In response to another question from the bench concerning the 1999 appellate court decision, Logan cited Tennessee Supreme Court Rule 4G, which basically states that an unpublished opinion (not reported in the official reporter) is considered the controlling authority when that decision is relevant to a case involving the same defendant unless it is designated “not for citation.”
Logan said all of the tax issues that could and should have been presented were considered in the 1999 decision of the appeals court. Also, the Tennessee Supreme Court refused to hear the case on two occasions.
“You talk about a place where stability is significant as a matter of public policy — it is in governmental revenue and expenditures for education and roads, libraries, museums, garbage pickup and those kinds of things — there’s no place more that the rule of finality between the parties is more significant,” Logan said.
He said there is no indication other than both the city of Cleveland and Bradley County intended the contract to continue forever, which is allowed by statute.
Johnston said there is very little Tennessee case law covering perpetual contracts, but the question comes down to the fundamental issue of public entities and the even more fundamental issue of taxation of the citizens of those entities.
“Is it right that both parties are ensnared in a contract that will go on forever, that the city can never get out of ever in any circumstances? I don’t think so,” he said.
Johnston argued that the 1982 contract was not part of the 1999 decision.
“The issue in front of the court in 1999 had nothing whatsoever to do with whether or not the amendment to the contract applied to subsequent tax increases,” he said. “If in fact the 1999 decision applies to the 1982 issue, then it applies to the county bringing the 2009 issue as well because it is exactly the same and that would leave us in an absurd situation because neither party would know how future tax increases would be properly divided.”
The dispute over sales tax distribution began at a joint city and county work session on Oct. 21, 2008, during which the topic of funding capital projects and the possibility of a referendum allowing voters to decide whether or not to raise the local option sales tax by .5 percent.

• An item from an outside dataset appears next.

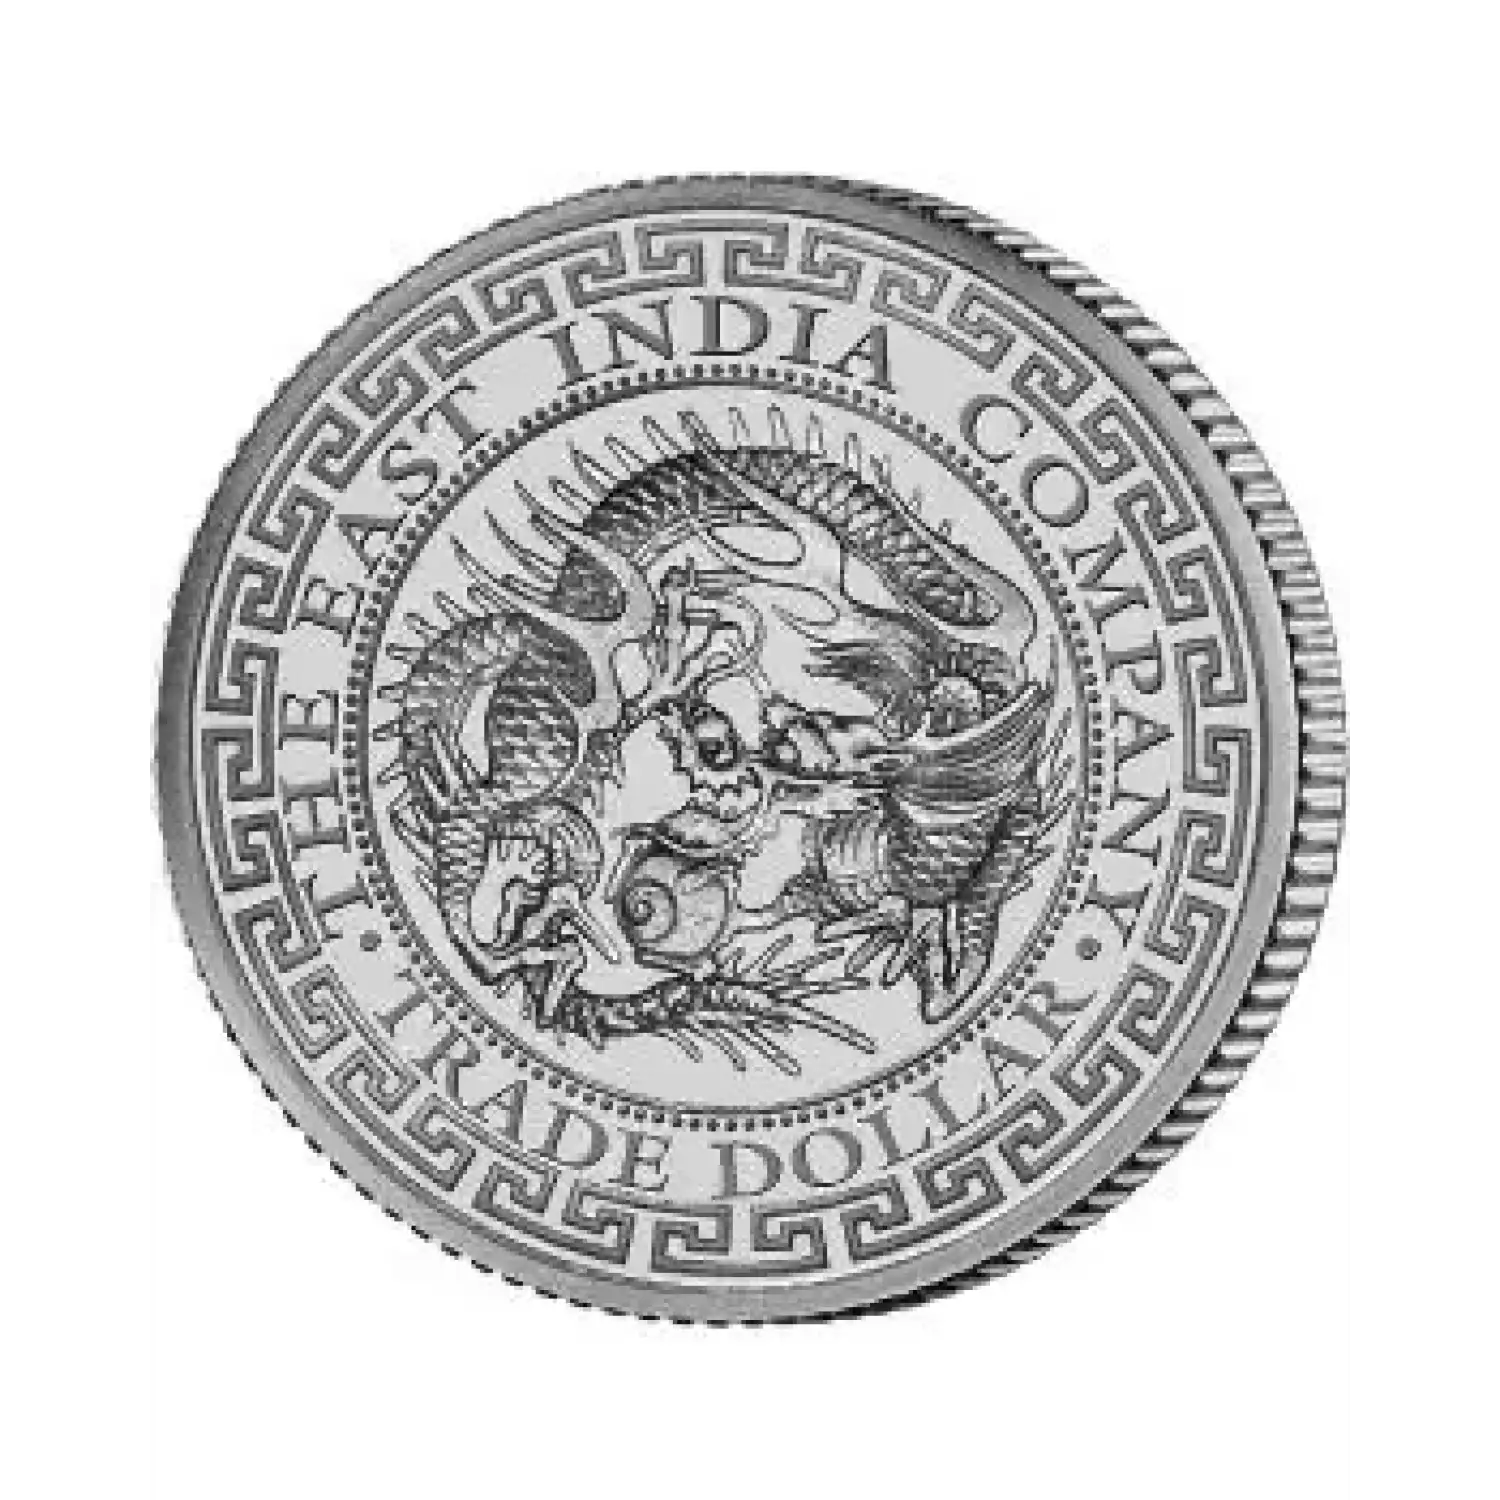 2020 Japanese Trade Dollar 1oz Silver Coin (1)

The City Council approved an ordinance to put it to a vote of the people on Nov. 24, 2008. County commissioners opted against participating in a countywide referendum as they had previously done in 1967, 1972 and 1980. The 1980 failed, but voters approved an identical resolution in 1982, but without a new contract extension.
The city of Cleveland went forward with the referendum and city voters approved increasing the city sales tax rate by .5 percent on March 10, 2009. The ballot referenced the ordinance, which limited the funds for capital needs of the city and Cleveland City Schools.
Bradley County commissioners changed their position and voted 9-5 to approve a referendum for voters residing outside the city of Cleveland on May 14, 2009. The referendum passed by county voters did not restrict the use of funds solely for capital needs.
Chancellor Jerri Bryant ruled in March that the sales tax from the 2009 increase would go to the government jurisdiction where the tax is collected and the rest of the local sales tax will be divided based on a 1967 agreement.
She determined the city is not entitled to sales tax collected from previous years and no money already given to Bradley County Schools would be affected.
The Cleveland City Council voted May 14 to appeal the latest court ruling in an effort to break the 1967 sales tax agreement with Bradley County.